Leaving out the images, repeat all the lines below exactly.
--- Data block ---
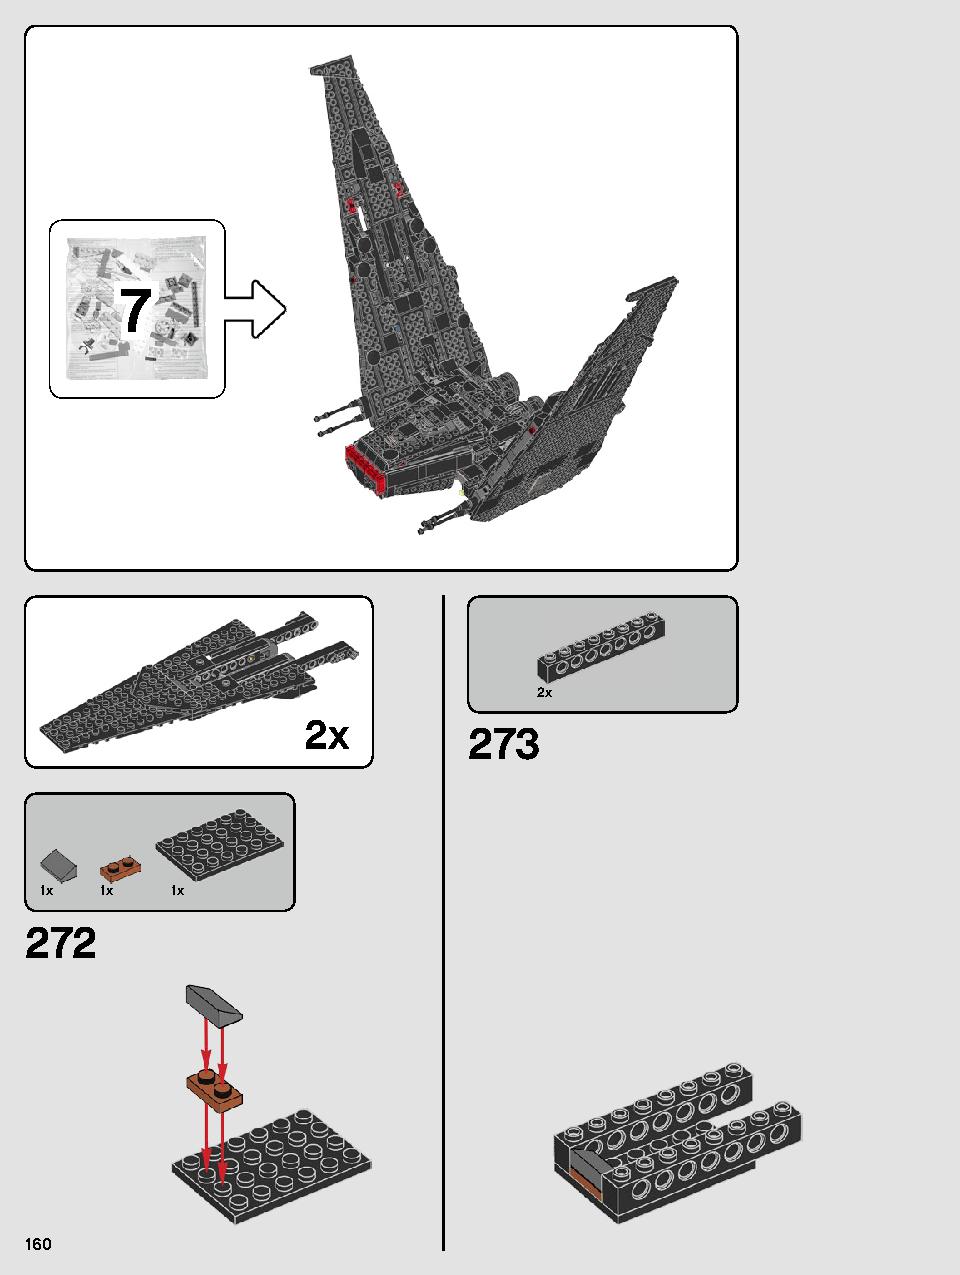 스타워즈 카일로 렌의 셔틀™ 75256 레고 세트 제품정보 레고 조립설명서 160 page
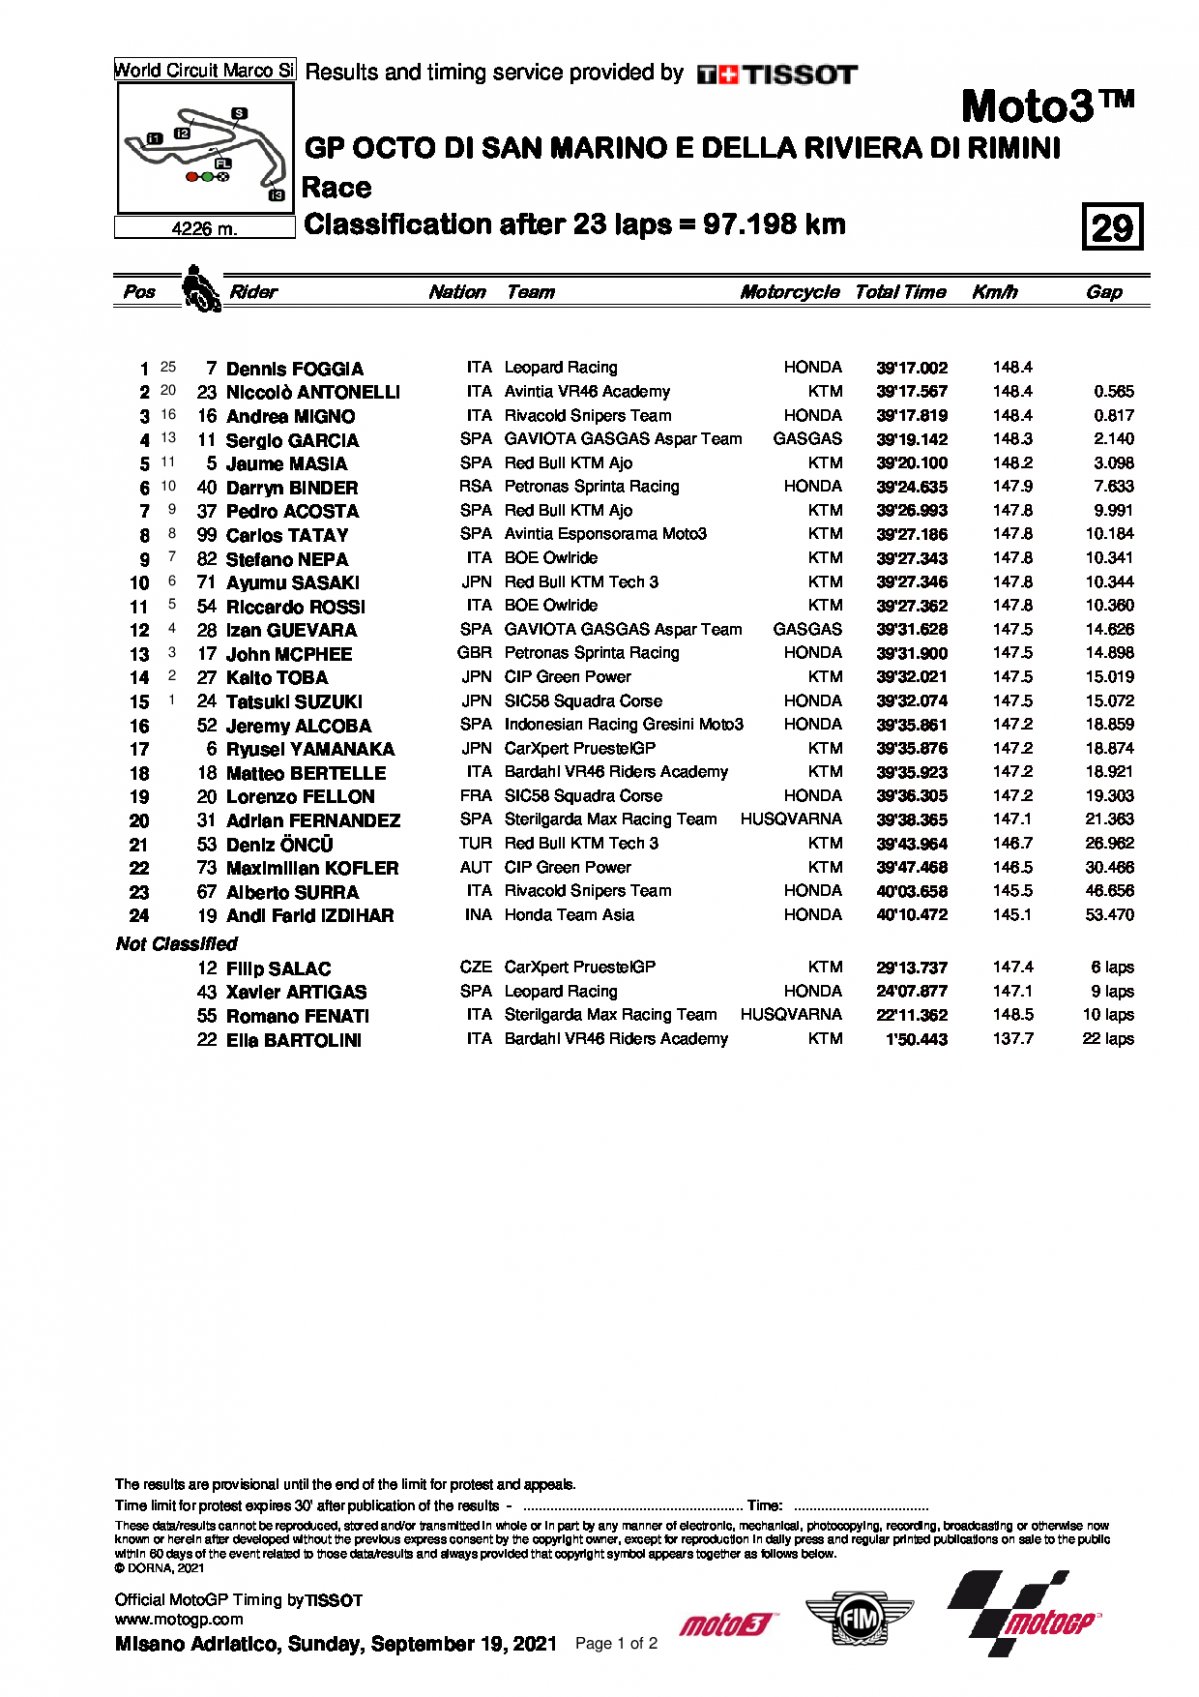 Результаты Гран-При Сан-Марино, Moto3 (19.09.2021)
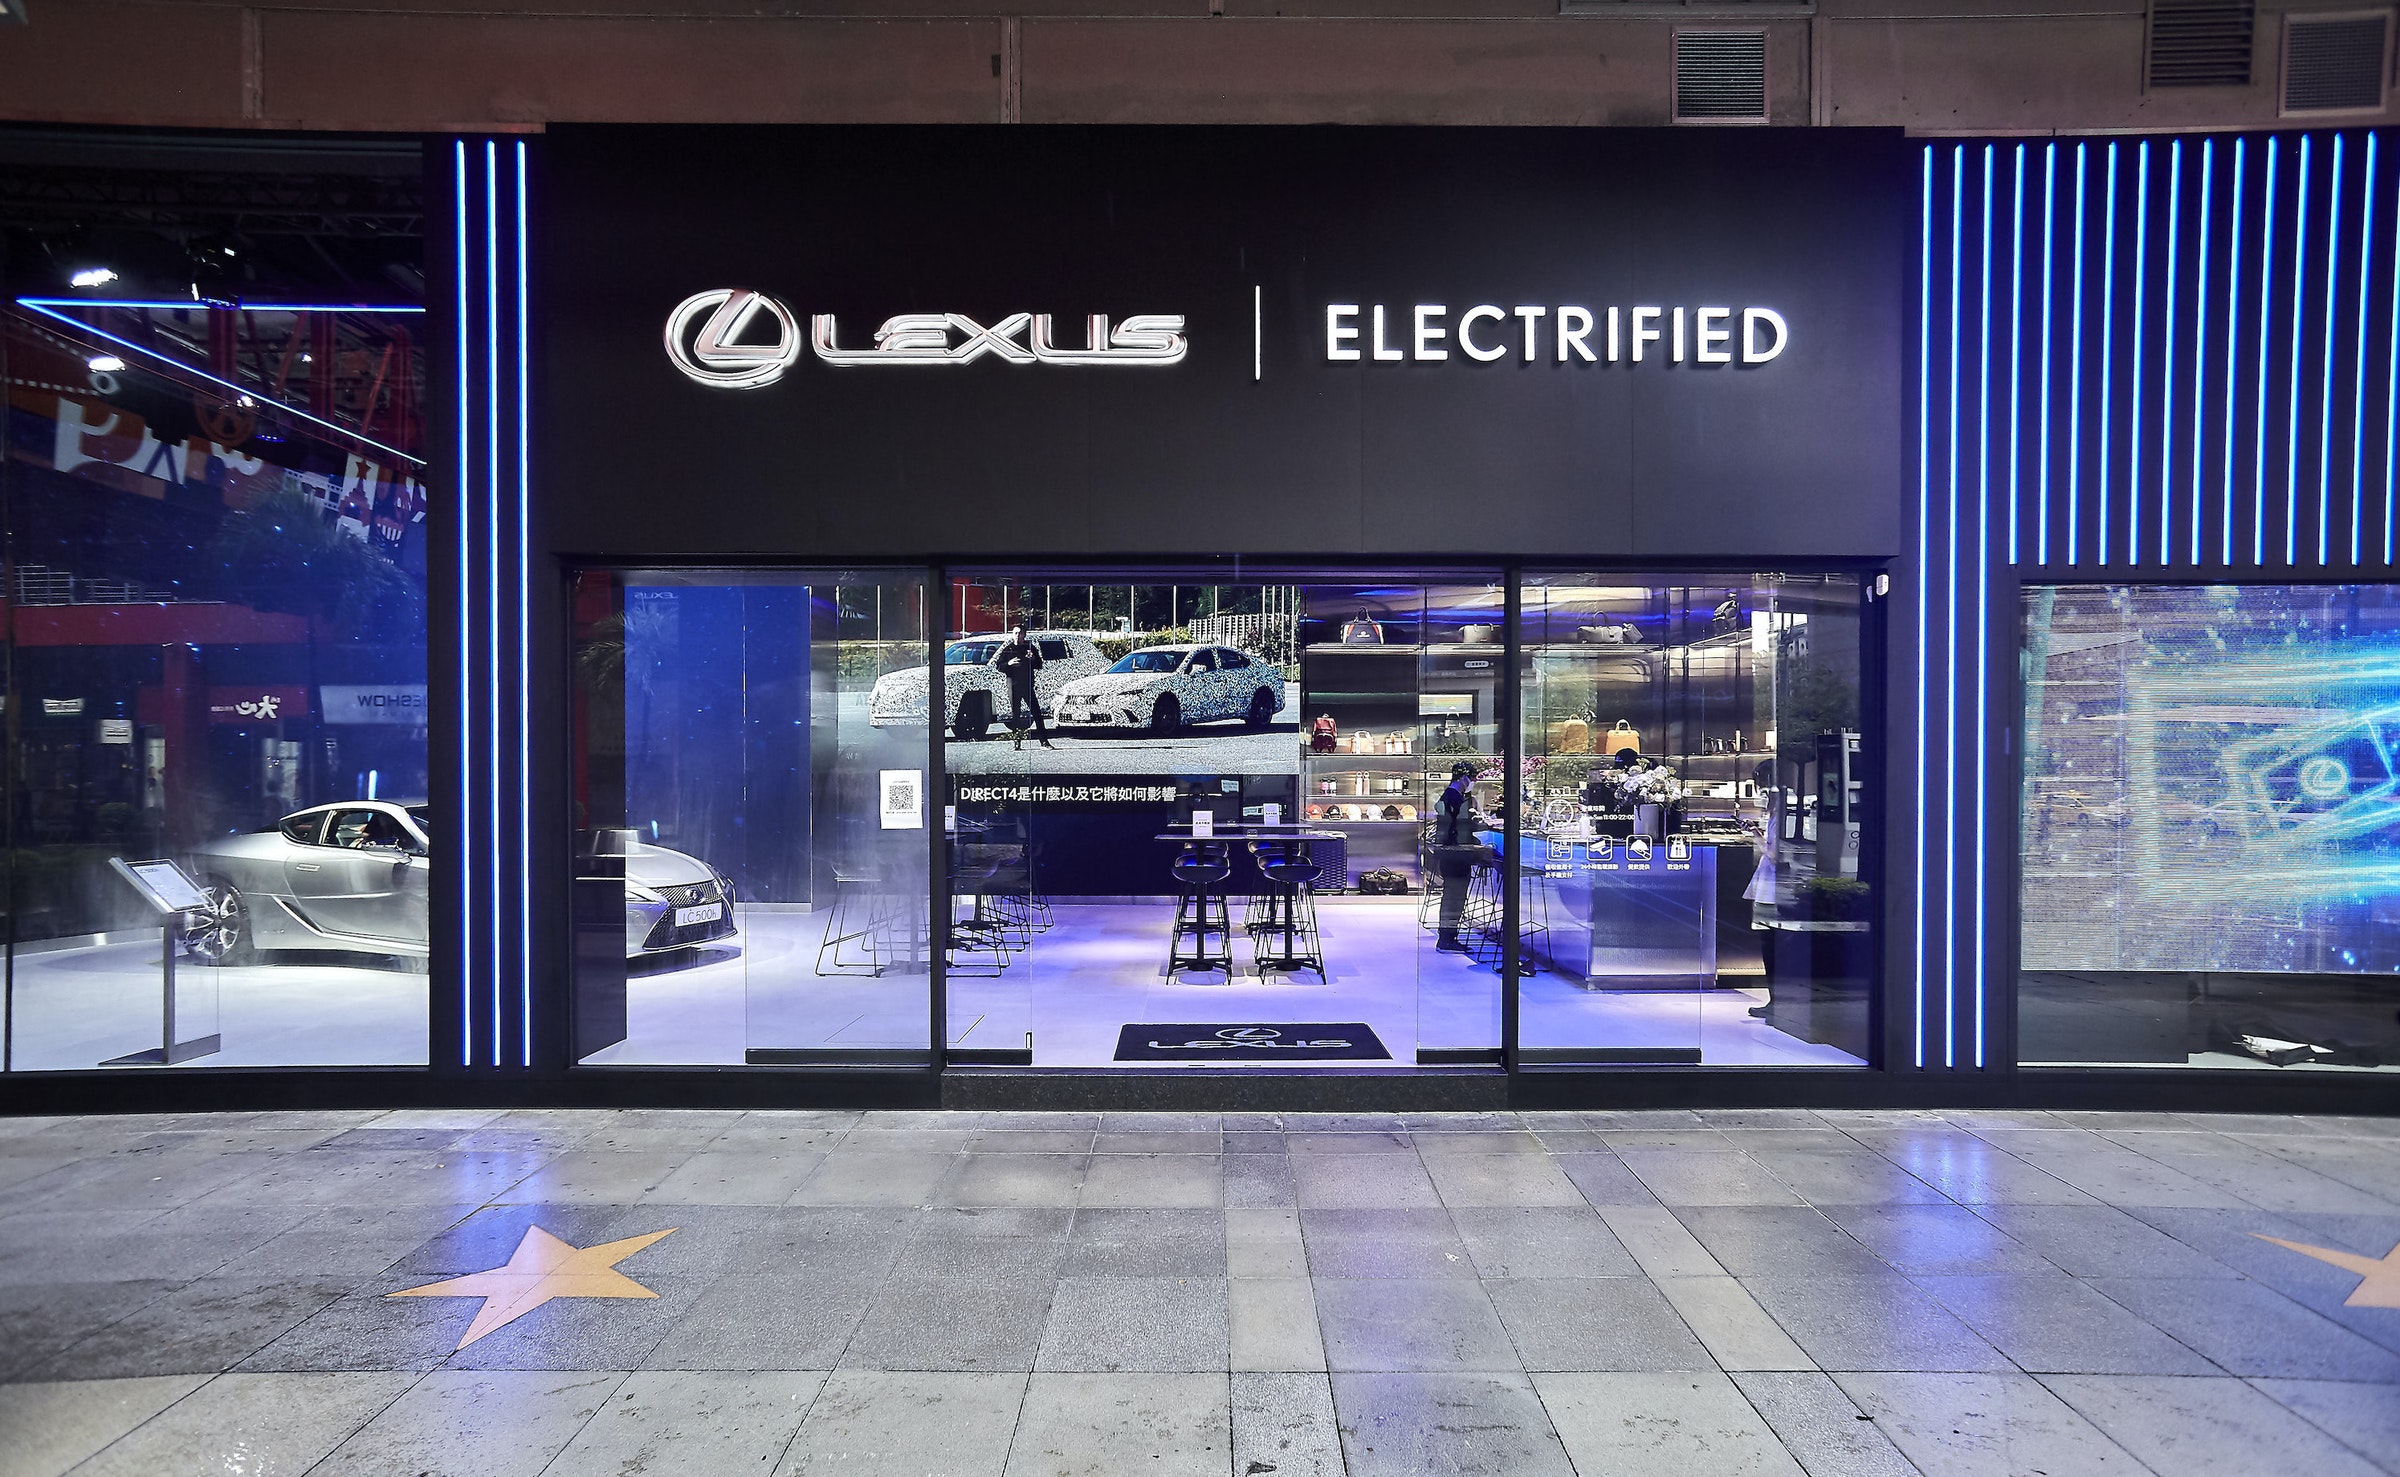 照片中提到了QLEXUS| ELECTRIFIED、EXTE、WOHEB，跟雷克薩斯有關，包含了顯示裝置、顯示裝置、數碼展示廣告、展示窗、汽車代理商
---
**Output of the task**
 스타워즈 카일로 렌의 셔틀™ 75256 레고 세트 제품정보 레고 조립설명서 160 page
 Результаты Гран-При Сан-Марино, Moto3 (19.09.2021)
 照片中提到了QLEXUS| ELECTRIFIED、EXTE、WOHEB，跟雷克薩斯有關，包含了顯示裝置、顯示裝置、數碼展示廣告、展示窗、汽車代理商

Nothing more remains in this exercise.